Cancer Surveillance Series: Recent Trends in Childhood Cancer Incidence and Mortality in the United States (original) (raw)
1999, JNCI Journal of the National Cancer Institute
Background: Public concern about possible increases in childhood cancer incidence in the United States led us to examine recent incidence and mortality patterns. Methods: Cancers diagnosed in 14 540 children under age 15 years from 1975 through 1995 and reported to nine population-based registries in the National Cancer Institute's Surveillance, Epidemiology, and End Results Program were investigated. Ageadjusted incidence was analyzed according to anatomic site and histologic categories of the International Classification of Childhood Cancer. Ageadjusted U.S. mortality rates were calculated. Trends in rates were evaluated by use of standard regression methods.
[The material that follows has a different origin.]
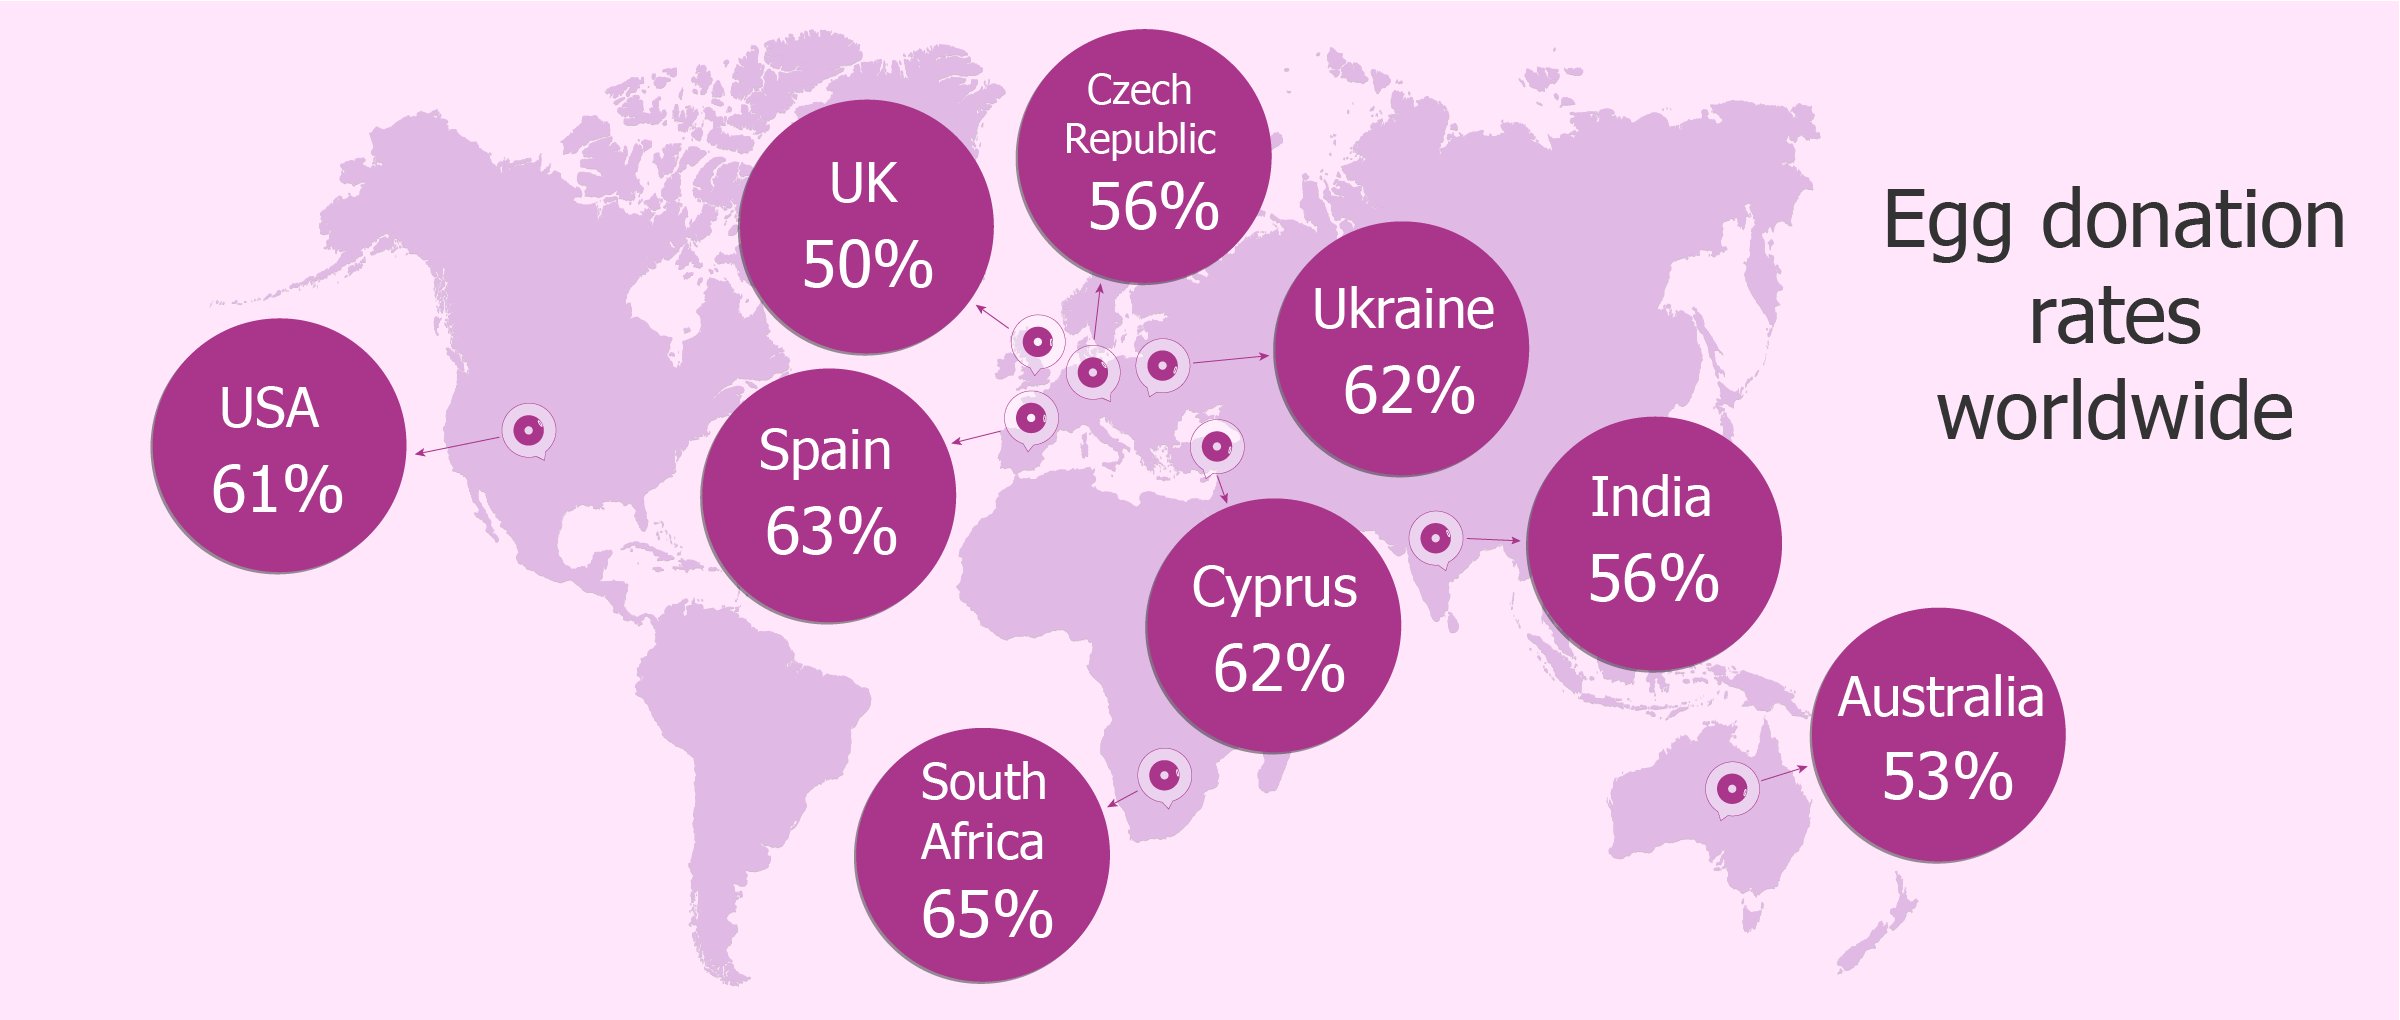 Egg donation rates worldwide map

Results: A modest rise in the incidence of leukemia, the most common childhood cancer, was largely due to an abrupt increase from 1983 to 1984; rates have decreased slightly since 1989. For brain and other central nervous system (CNS) cancers, incidence rose modestly, although statistically significantly (two-sided P = .020), largely from 1983 through 1986. A few rare childhood cancers demonstrated upward trends (e.g., the 40% of skin cancers designated as dermatofibrosarcomas, adrenal neuroblastomas, and retinoblastomas, the latter two in infants only). In contrast, incidence decreased modestly but statistically significantly for Hodgkin's disease (twosided P = .037). Mortality rates declined steadily for all major childhood cancer categories, although less rapidly for brain/CNS cancers. Conclusions: There was no substantial change in incidence for the major pediatric cancers, and rates have remained relatively stable since the mid-1980s. The modest increases that were observed for brain/CNS cancers, leukemia, and infant neuroblastoma were confined to the mid-1980s. The patterns suggest that the increases likely reflected diagnostic improvements or reporting changes. Dramatic declines in childhood cancer mortality represent treatment-related improvements in survival.